Poor food safety is a common way for pests to get a foothold, simply for the fact that all pests need food. It’s one of the more obvious vectors of an infestation, yet one that still causes problems for hotels all around the world.

Making food freely available on or near the premises, perhaps due to poor waste disposal, can attract pests. Pests attract more pests. To be proactive and prevent pests in hotels, staff must uphold food hygiene best practices at all times, including adequate storage, disposal and cleaning.

Another way is through flaws in the building. A regular building inspection as part of the overall pest control strategy will help hotels identify points of access that need to be rectified, or the configuration of equipment leading to a build-up of food, debris, mould, etc., or even the maintenance of the building structure, like pipes, roofing, and brickwork.  

Being aware of these key points – food safety, good hygiene, and building maintenance – and also making sure that staff are eagle-eyed and proactively checking for the early warning signs leading to pests, will go a long way to minimising the risk. 

2. Collect & analyse customer feedback

It is often the case that if there is an issue, your guests will be the first to tell you. As customers, we expect a certain standard when we hand over our hard-earned money for a stay in a hotel.

According to Statista, 52% of internet users aged between 25-34 have posted reviews online, and the number is growing along with the ubiquity of online reviewing platforms like TripAdvisor and Google Reviews.

While it’s true the majority of guest feedback is altruistic, serving to give others information about a service or facility whether good or bad, some feedback left by guests could offer useful clues for perceptive facilities managers. 

Therefore, collecting feedback is an important part of pest control, though it would be ill-advised to specifically ask if the guest had spotted a rodent roaming the halls or bedbugs on their pillow! 

Instead, hotels should simply pay attention to tell-tale signs mentioned in the reviews and feedback, like broken equipment, poorly maintained surfaces and structures, or obtrusive smells.

This sort of insight could prove to be crucial for early intervention.

3. Use an accredited pest control service

Before engaging a pest inspector, hotels will want to be certain that their reports will be comprehensive.

Asking things like “what areas of the property does the inspection cover?” or “what does the report include?”, will help facilities managers identify gaps in the inspection and reporting, or spot opportunities for the insights of in-house staff and other gathered evidence to feed into the inspection.

The pest inspectors will look for a range of issues, like cracks in walls, poor ventilation, potential plumbing issues, among other things.

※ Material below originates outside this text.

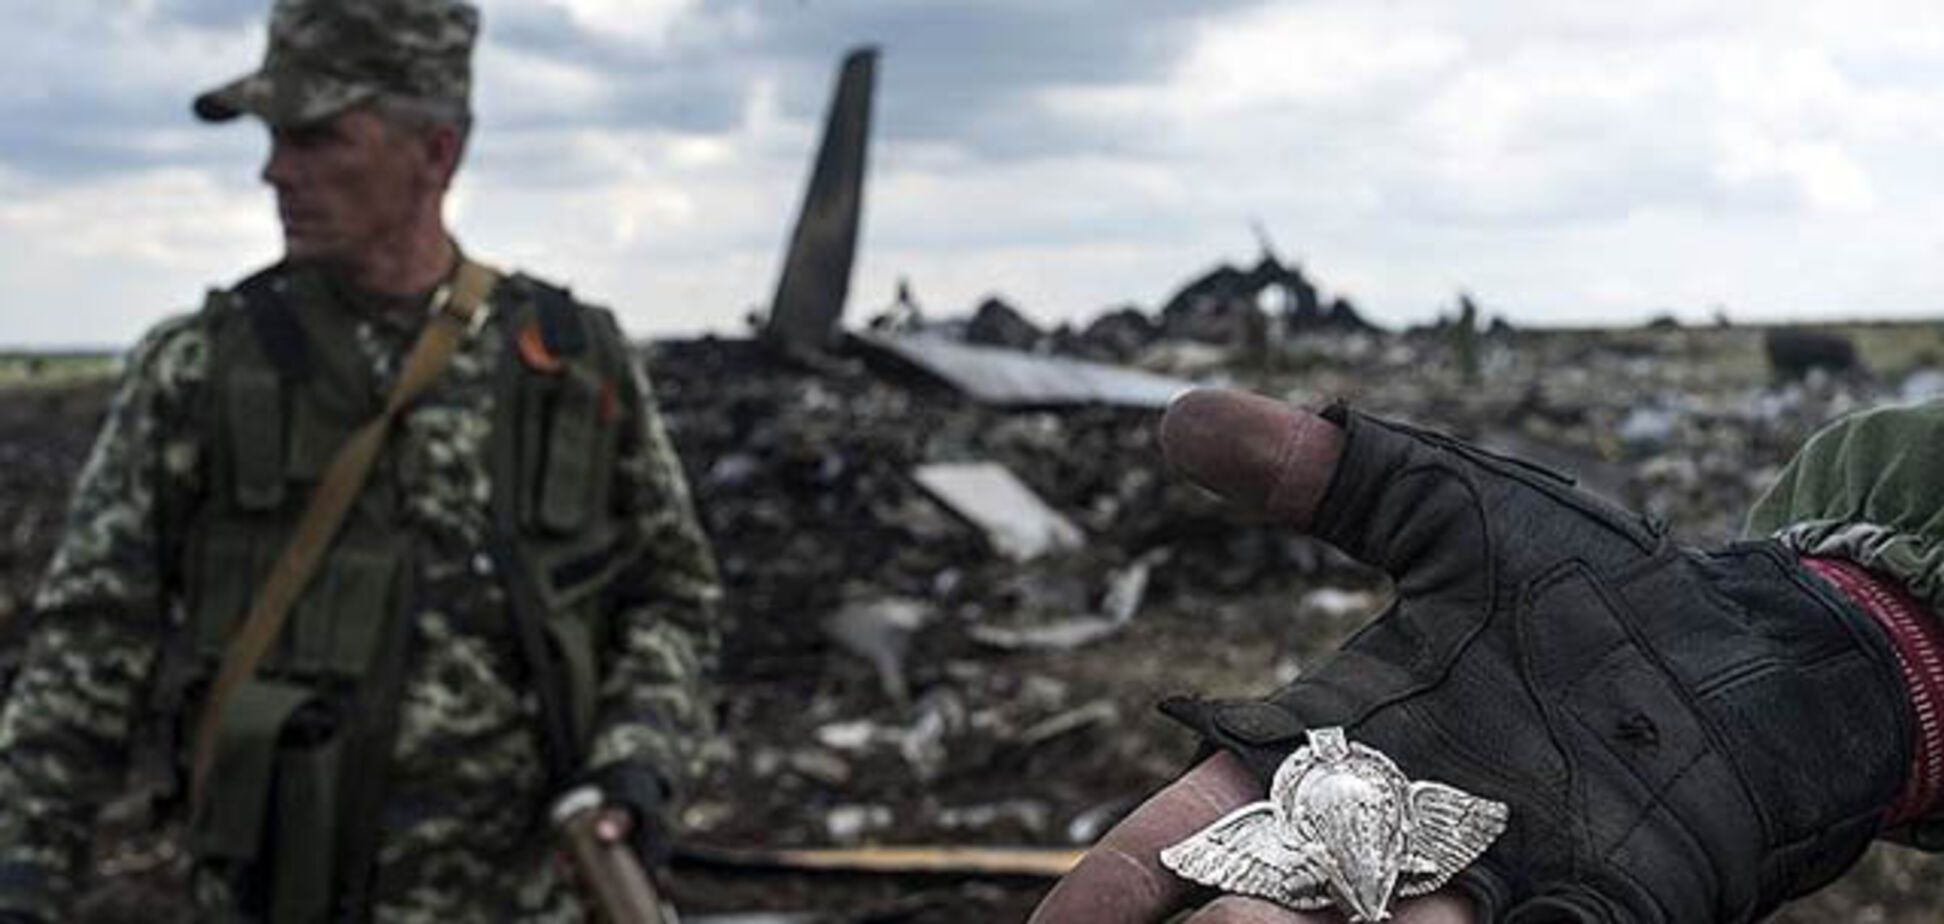 Річниця аварії літака ІЛ-76 під Луганськом. Всі факти про жахливу трагедію

They will also inspect the walls, roof, and external structures, overhanging trees or foliage, and check for any previous pest infestations.

Facilities managers should attend the inspection as it’s a great way to learn more about the premises or get advice from an expert. At the end of the day, the most important part is finding a building and pest inspector who is thorough, accredited and reputable.

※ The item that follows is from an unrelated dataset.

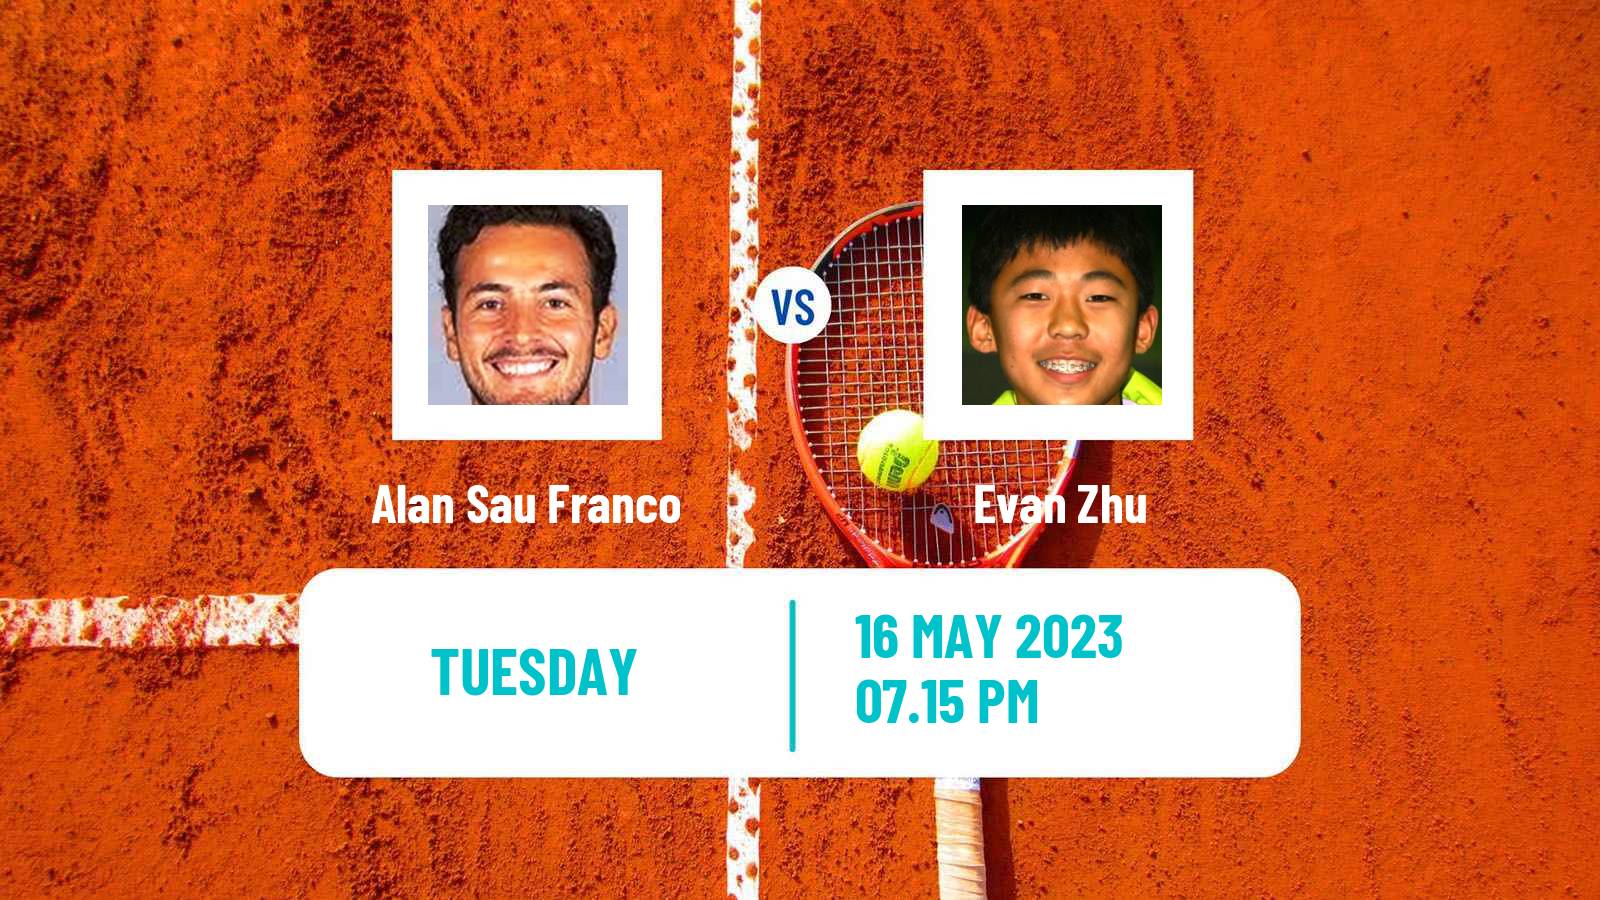 Tennis ITF M25 Xalapa Men Alan Sau Franco - Evan Zhu

4. Implement a pest management policy and use technology

Last but not least, one of the most important ways a hotel can minimise the risk of pest infestations is to establish and implement a solid pest management policy enabled by technology.

Integrated pest management, as it’s more commonly known, seeks to embed fundamental principles of proactive pest control, using technology as a way to make things more efficient and seamless. 

The idea behind integrated pest management is not exclusive to the hospitality sector or hotels, it is used across a range of industries. One consistent thing, however, is that it places priority on prevention wherever it is used.

Coupled with technology like Property Inspect’s end-to-end platform, integrated pest management becomes a well-rounded, efficient and empowering solution to a widespread problem, enabling facilities managers to monitor pests in real-time, collect thorough data and evidence, and report their findings all in one centralised tool.